For LDA-awarded projects, the SPC structure integrating EPC, O&M, and aggregation contracts can directly apply solar PF expertise, making it easier to gain financial institution understanding. The full merchant type faces high PF structuring hurdles due to the difficulty of forecasting market revenue, making corporate finance the practical option in most cases. For 50MW full merchant projects, EPC and energy companies investing from their own balance sheets are emerging.

Cross-Industry Entry Rush — Key Examples from 2024-2025

Representative Examples of Cross-Industry Entry:

Sumitomo Corporation: Announced investment of 200 billion yen in building a battery network. Largest scale among trading companies.

Kamigumi (port logistics): Building a 13MW/54.84MWh battery station in Kasai City, Hyogo Prefecture. Expanding from logistics to energy infrastructure.

JAPEX (Japan Petroleum Exploration): Ordered EPC from JFE Engineering for its first grid-scale battery. Decarbonization investment by an oil exploration company.

Idemitsu Kosan: Established SPC at former Himeji refinery site, with JGC handling EPC. Repurposing idle assets.

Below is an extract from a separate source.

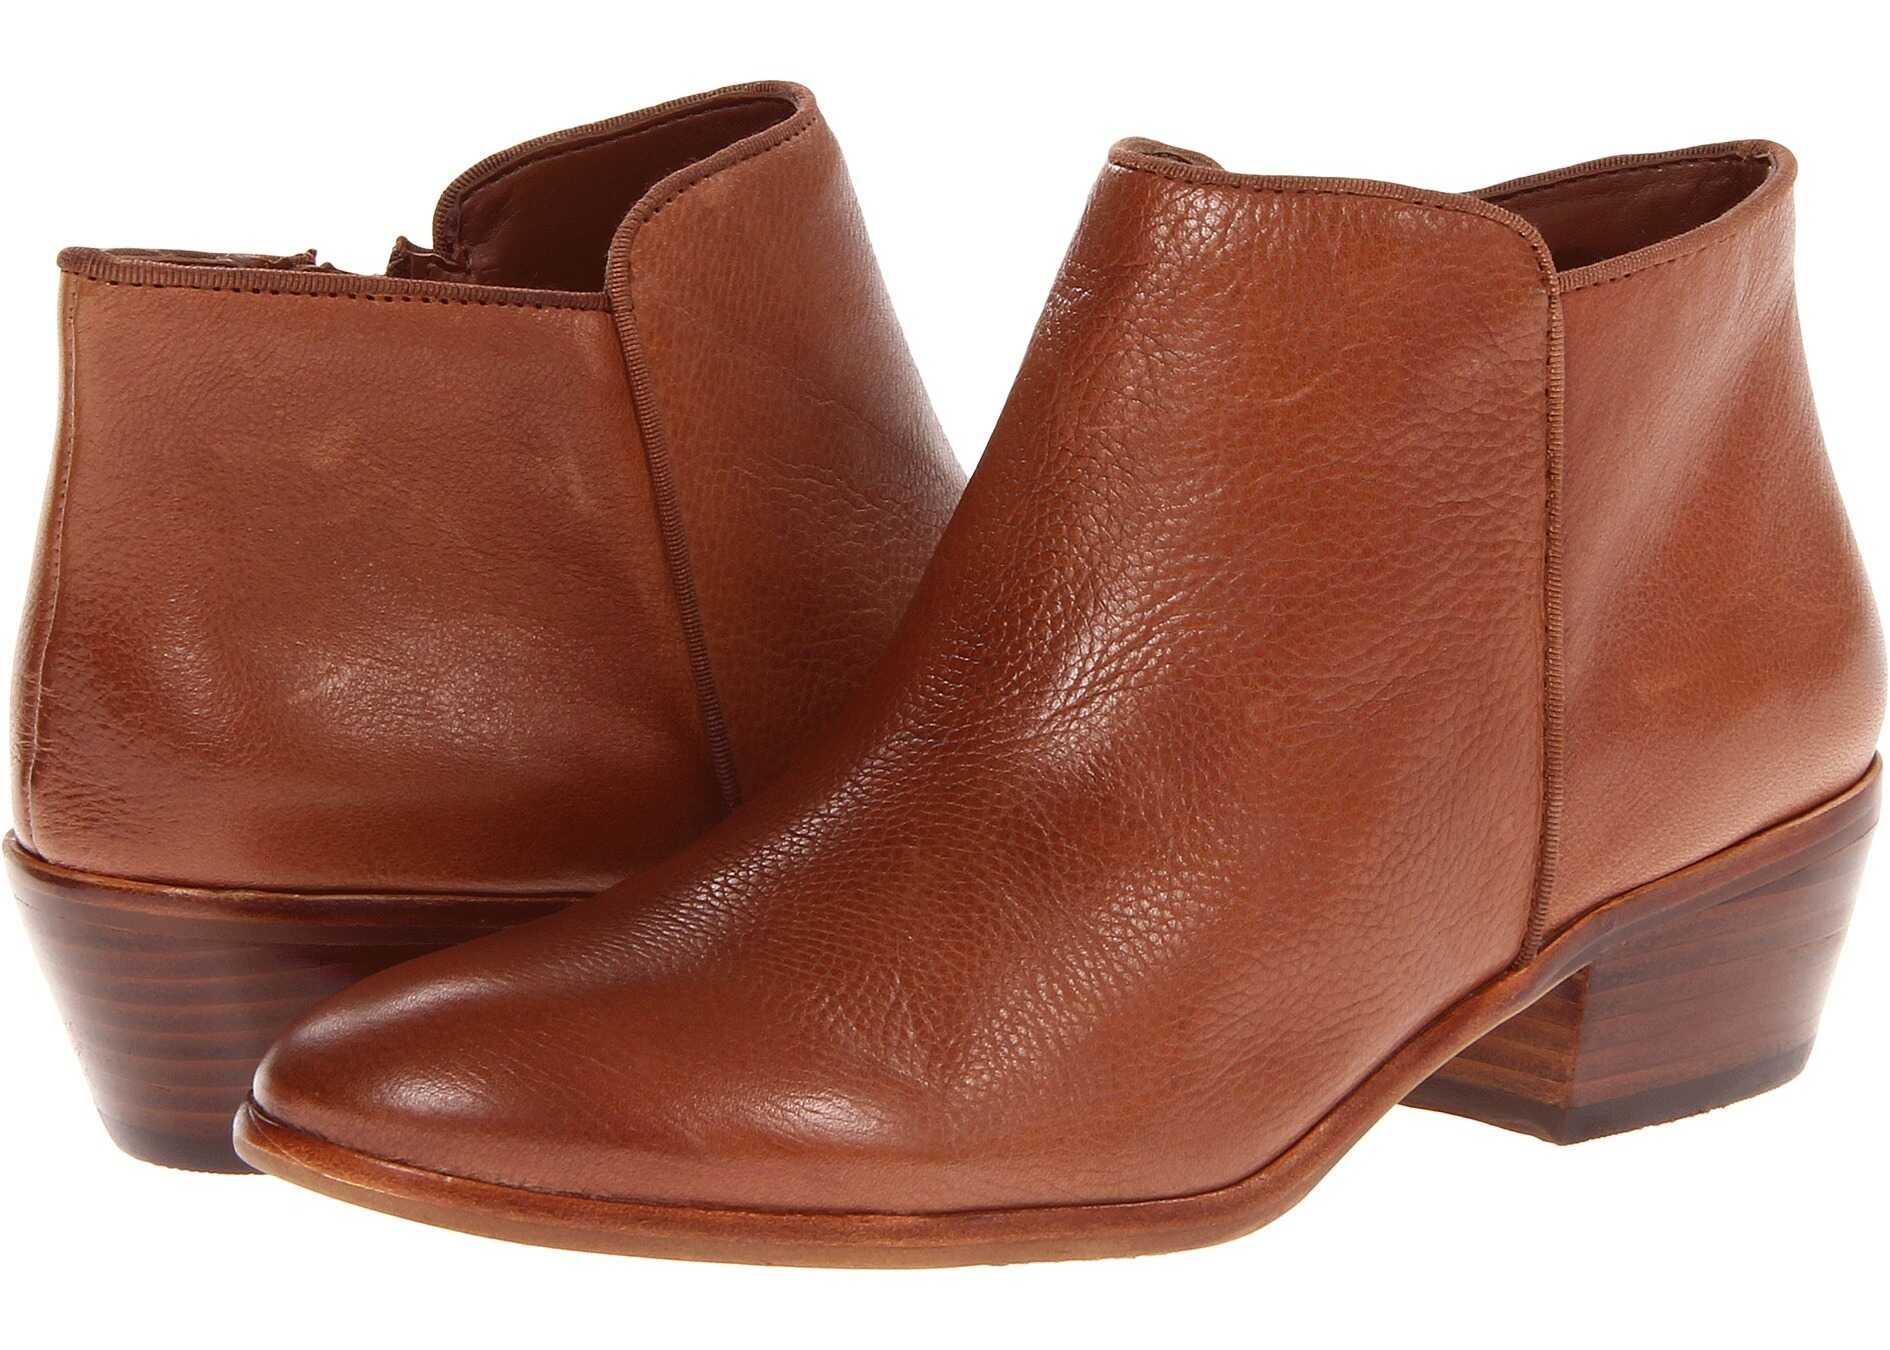 Sam Edelman Petty Saddle Leather 1

Tokyu Land Corporation: Business development through 4-company partnership with Itochu, PowerX, and Shizen Energy. New territory for a real estate developer.

West Holdings: Battery station business revenue target of 50 billion yen for fiscal year ending August 2028 (approx. 9x increase from 2025).
Source: Company press releases / pps-net.org

Capital is flowing in from outside the traditional power industry because the battery business has a structure where entry is possible with "land + grid access + regulatory understanding." Generation technology itself is not required, and EPC, O&M, and aggregation can all be outsourced.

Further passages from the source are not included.